The larger scope of this question is that I have time series stock data that is collected hourly, and I want to track the data over several timeframes (1 hour, 1 day, 1 week, 1 month, etc.).
Certain functions require me to selectively pick out certain rows (for example, a single record at the end of each month, for the sake of determining true standard deviation). Therefore there are a given # of 'bars' (rows) that each of those timeframes encompasses. I've already made a column in my dataframe that tracks that # of rows per period. Due to holidays, as well as the simple fact that a month's time period varies based on the month, the # of rows per period also varies over time; otherwise it would just be a simple shift
of a static value (like 7 for the daily timeframe on hourly data (6.5 hours in a trading day)).

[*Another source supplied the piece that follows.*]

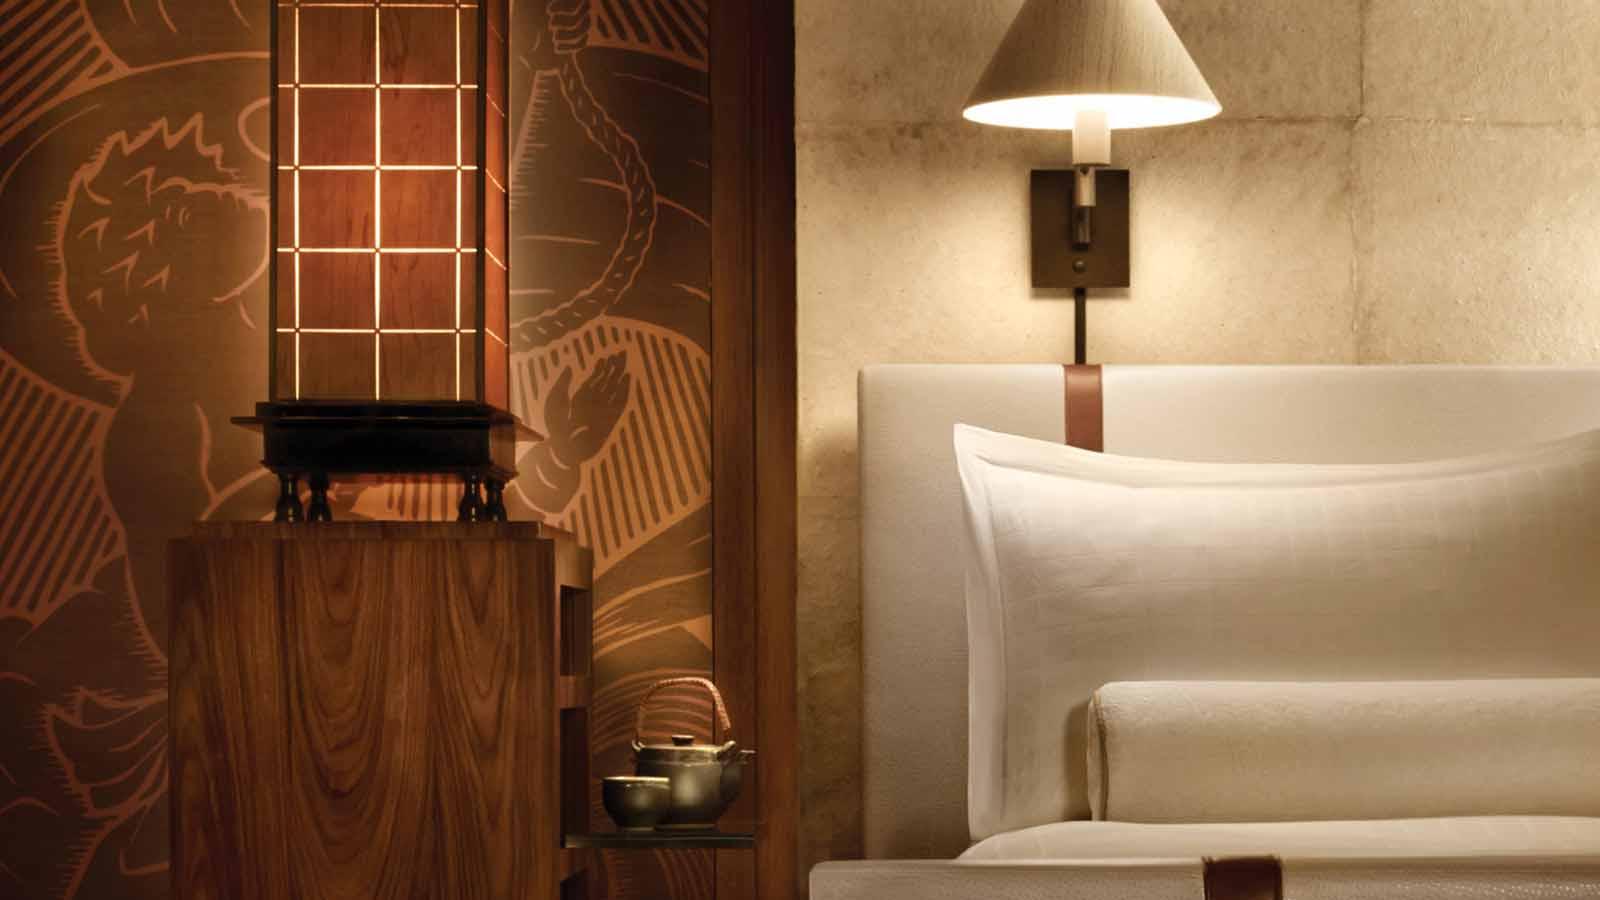 33674468_fs_manele_bay_guestrooms_7.jpg

I need to create a boolean mask for the entire dataframe every time a new row of data comes in to maintain accuracy in my lookbacks. How would I go about doing this by avoiding having to manually loop over the entire dataframe every time I get new data? Keep in mind that you need to work backwards from the latest entry towards the earliest.
Here's a much simpler dataframe example to work with:
df = pd.DataFrame({'state': np.arange(1, 11), 'bars': [1, 2, 3, 3, 3, 4, 5, 5, 4, 3]})
# Results in:
state bars
0 1 1
1 2 2
2 3 3
3 4 3
4 5 3
5 6 4
6 7 5
7 8 5
8 9 4
9 10 3
# I would expect `boolean_mask` to look like this:
0 False
1 True
2 False
3 False
4 False
5 False
6 True
7 False
8 False
9 True
# Therefore `df[boolean_mask].loc['state']` becomes:
0 2
1 7
2 10
# If row #9 did not exist, the resulting mask would be different.